Weddings and funerals.

(3) Public transportation is going to spread contagious diseases because people squeezed together in a subway or bus for an extended period of time is just not good. But we can require people to wear face masks in order to ride public transportation. Anyone not wearing a face mask should be kicked off, and given a fine. Of course, that means we need to actually be able to provide face masks for people, and they are still in short supply. We’re sending everyone a stimulus check, why can’t the government also send everyone some face masks?

Will the pandemic mean that, going forward, dumb liberals will stop promoting public transportation as being superior to personal automobiles? (Although it should be acknowledged that car accidents are a serious risk that we have chosen to ignore. We can’t get safer self-driving cars soon enough.)
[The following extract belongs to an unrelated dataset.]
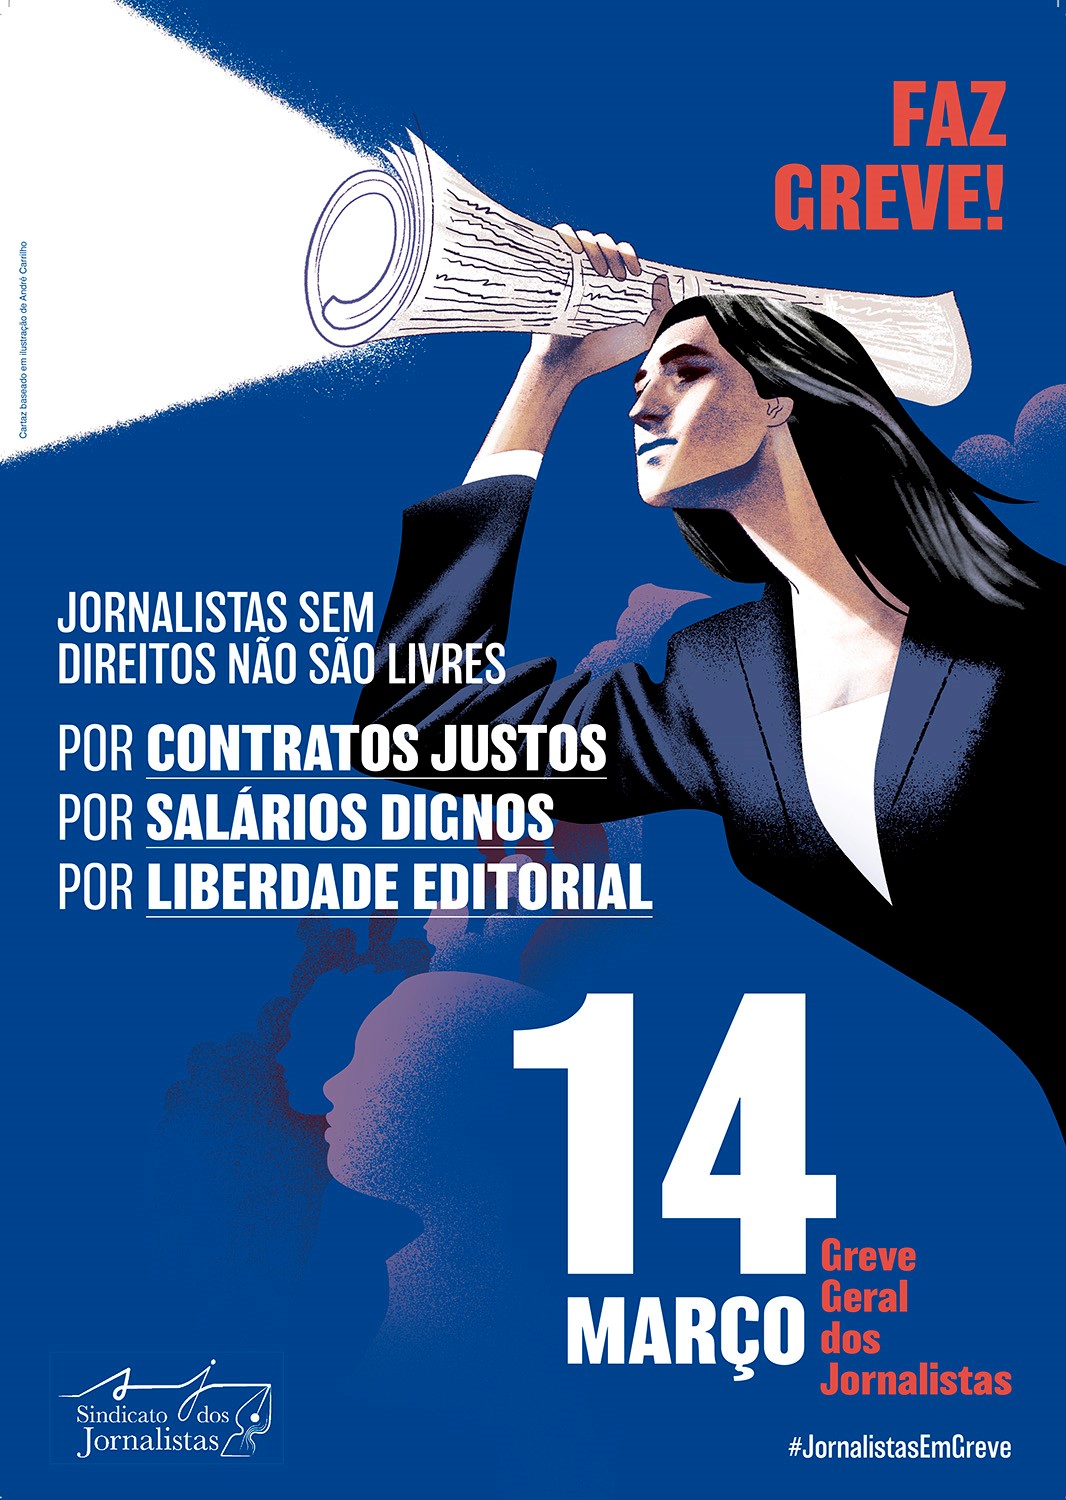 greve_geral_jornalistas_sem-direitos

(4) Schools. All the evidence we have so far is that schools are not as big risk factors as the things I mentioned above. Young people seem to be less likely to catch the virus and less likely to spread it compared to adults. I would have thought that college dorms, with young people living together and foreign Chinese students returning to classes after winter break, would be the first places where there would be virus outbreaks, but it didn’t happen. Instead, there are big virus outbreaks wherever old people live together, like in nursing homes. It seems that the older you are, the more likely you are to catch it and spread it.

So in a world with sane virus-prevention policies, schools would be re-opened before religious services. But I don’t think we live in a sane world so I predict it will not happen that way.